According to Yang, the China Insurance Regulatory Commission is expected to allow insurers to invest in infrastructure and real estate soon and is working out the modalities in this regard.
"We expect the guidelines to come out soon. China Life will hire talent familiar with the real estate sector and we are doing the preparatory work in this regard," said Yang.
Industry analysts said it would be good for insurers to invest in the property market, as they can improve their profitability with more investment options.
The sharp fall in the capital markets due to the financial turmoil has put substantial pressure on insurers' investments. China Life saw its total investment return in 2008 falling 61.4 percent from a year earlier, while its net profit drop was about 45.3 percent.
China Life has increased its investments in fixed-income securities and term deposits to over 85 percent of its total investment, while the investment proportion on equities was down to 8 percent from 15 percent earlier.
"To alleviate the pressure on profitability, the insurers need to find long-term investment opportunities to get stable returns. The insurers' investments in the property market would most likely be in the commercial market rather than residential housing market," said Tao Zheng'ao, analyst, Donghai Securities.
According to Tao, insurers may also be allowed to invest in private equity funds and the soon to-be launched real estate investment trusts (REITs).
Based on international experience, the insurers' property investment may be capped at 5 percent of their total investment, industry experts said.

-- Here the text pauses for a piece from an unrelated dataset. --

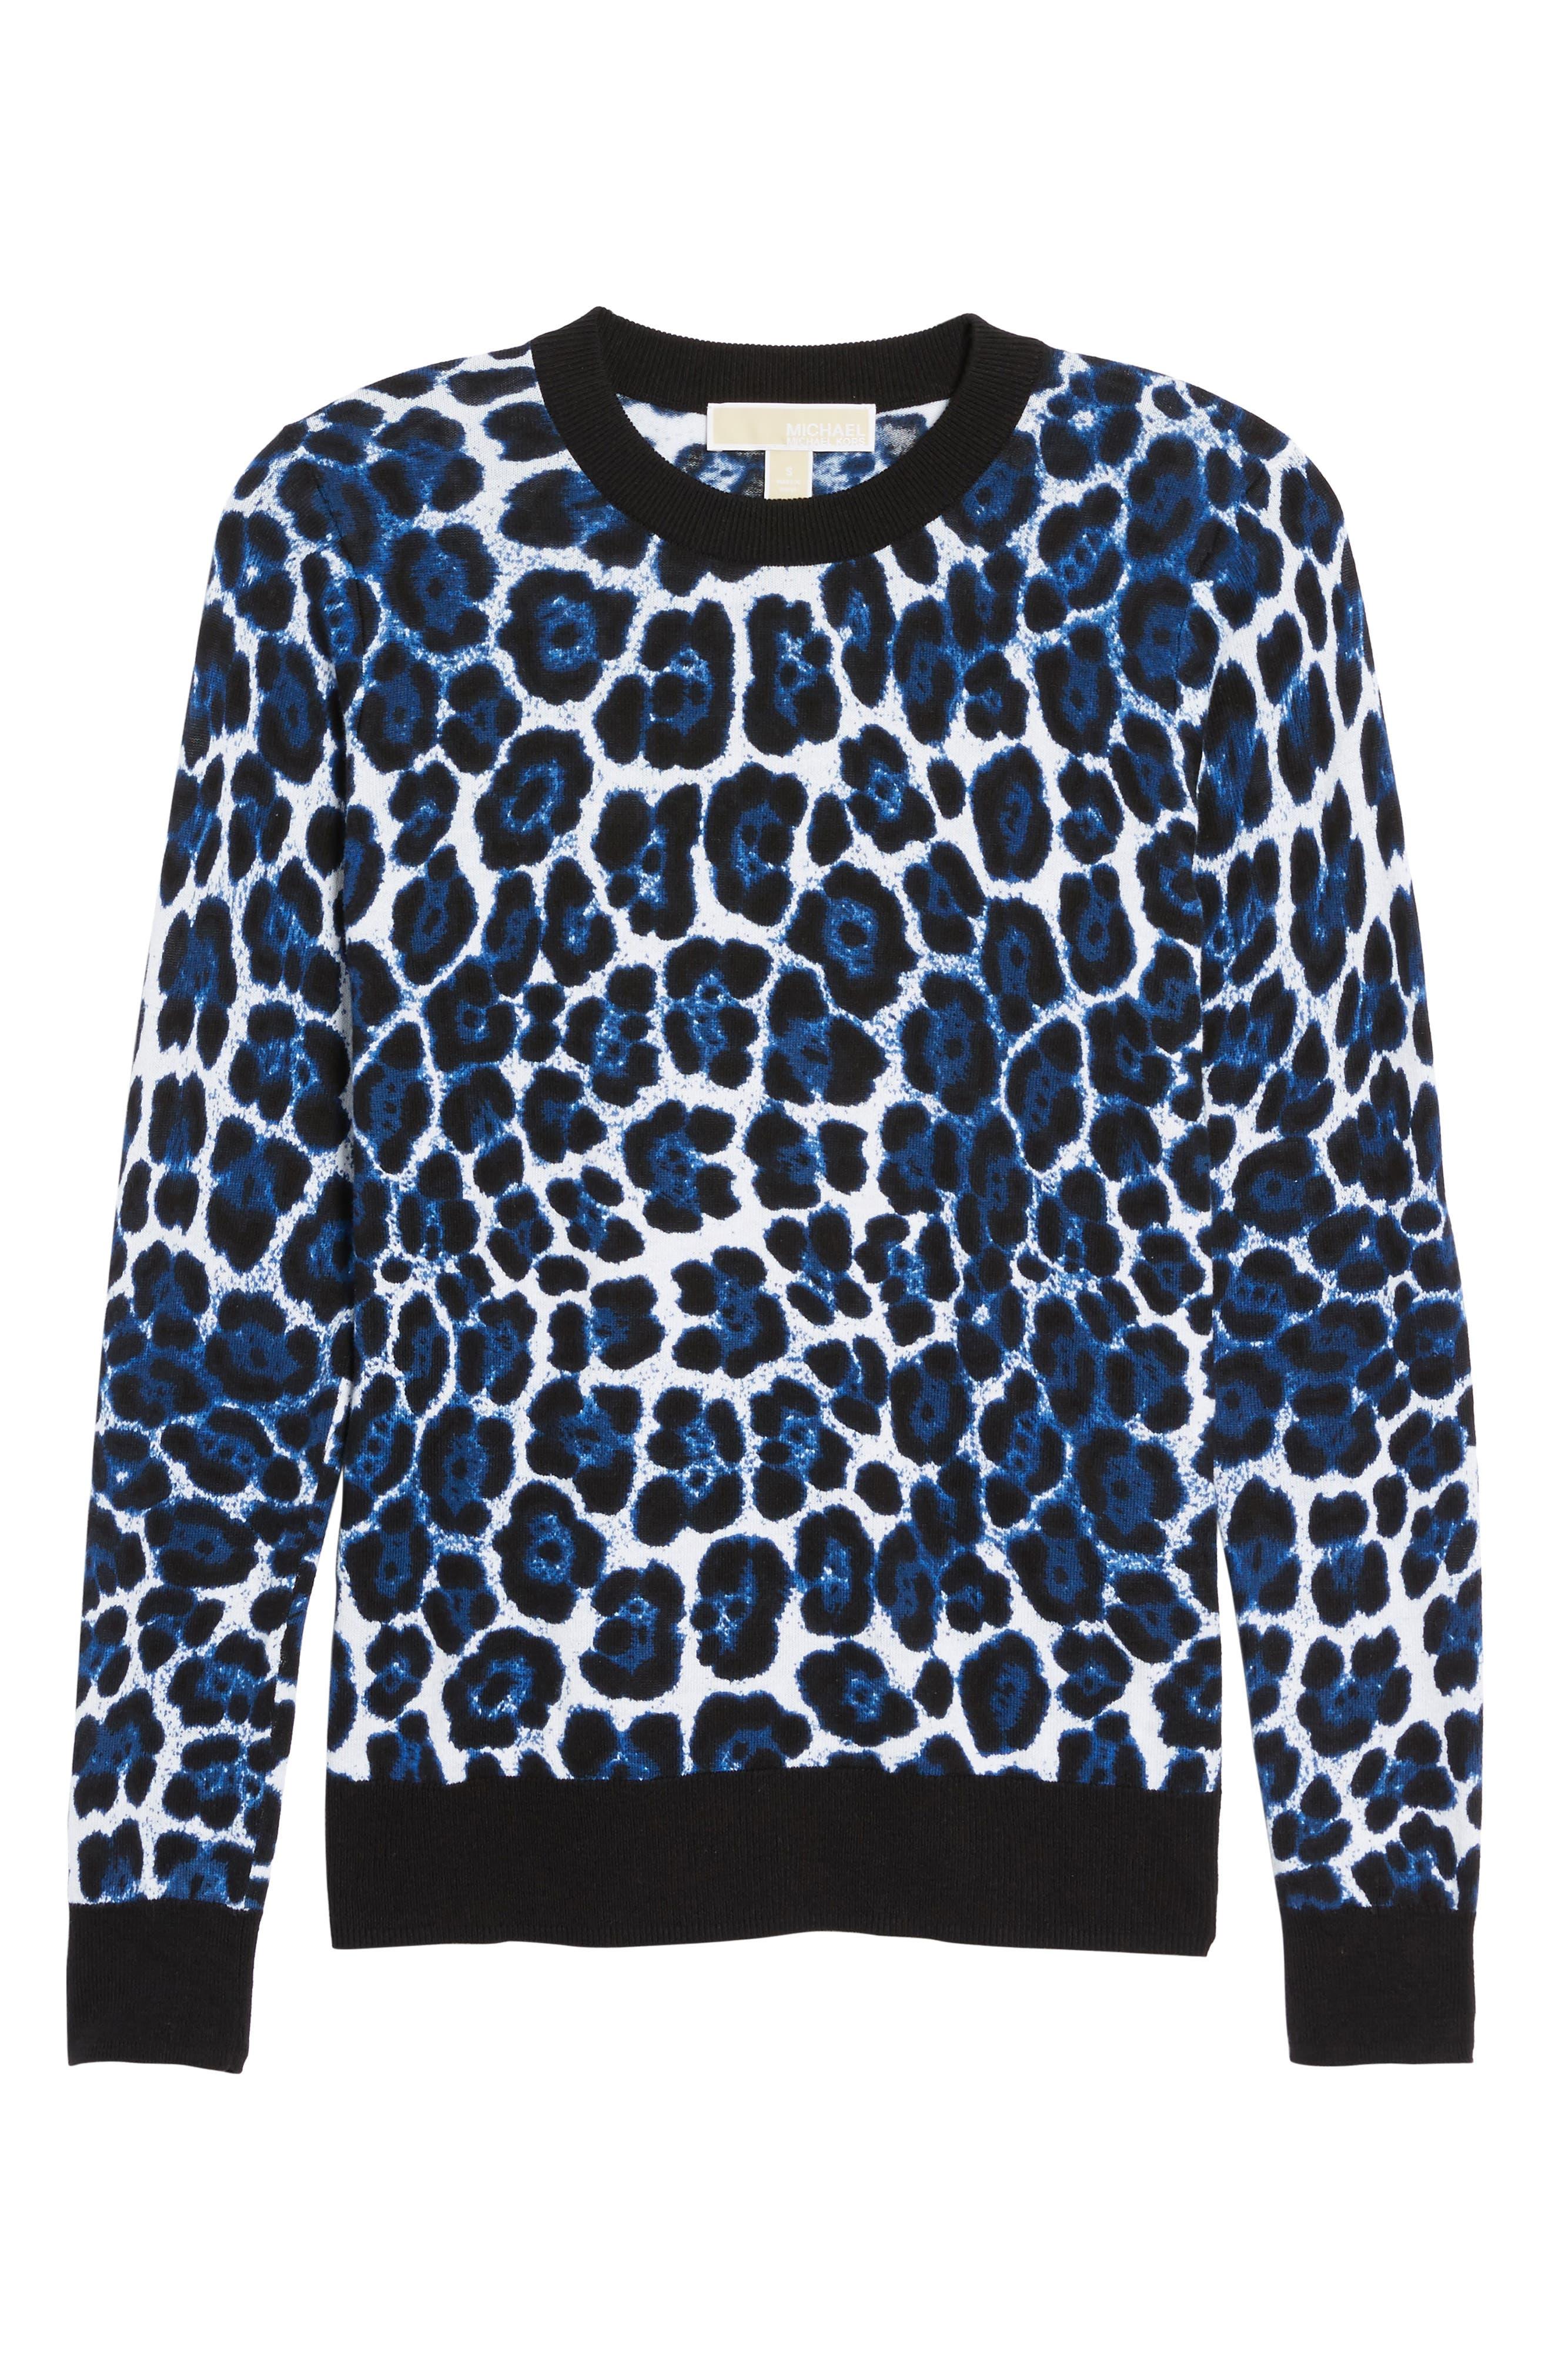 Cheetah Print Sweater,                             Alternate thumbnail 6, color,                             403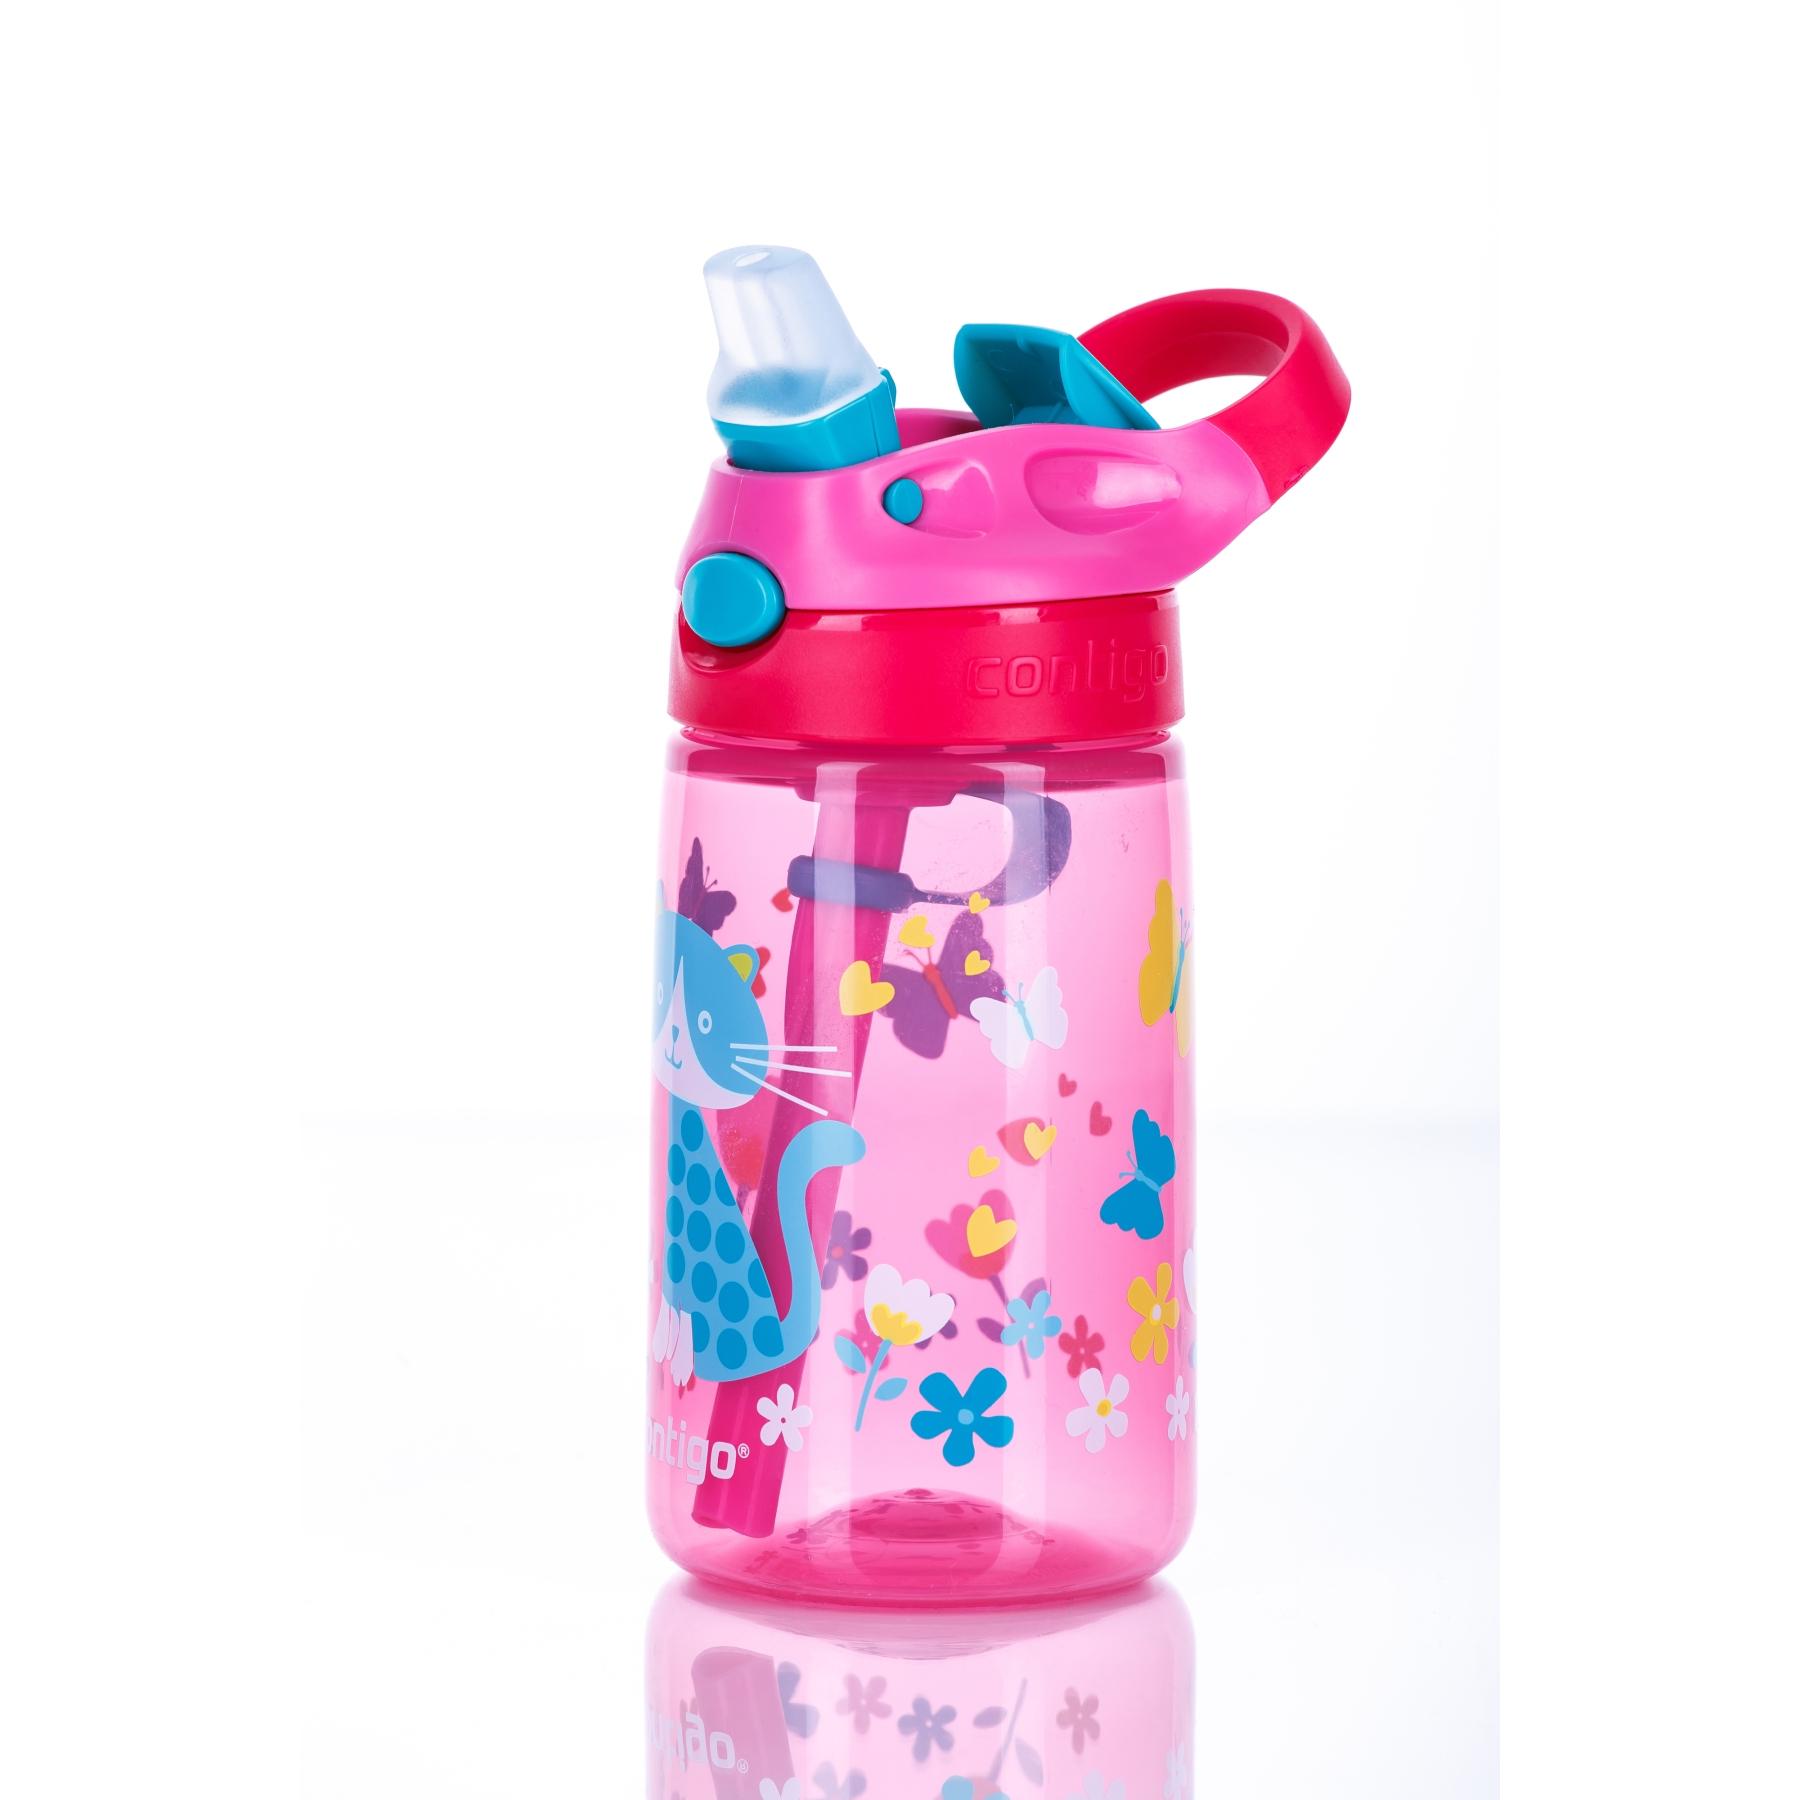 Contigo Gizmo Flip Water Bottle 420ml - cherry with cat

"It's the first time that Chinese insurers would be permitted to invest in the property market, so it's necessary to set a lower investment threshold to control risks. The investment on commercial property, equity and infrastructure could be all limited to within 5 percent of the total investment, with the investment return expected to be 8 percent, 15 percent and 6 percent respectively," said Wang Xiaogang, analyst, Orient Securities.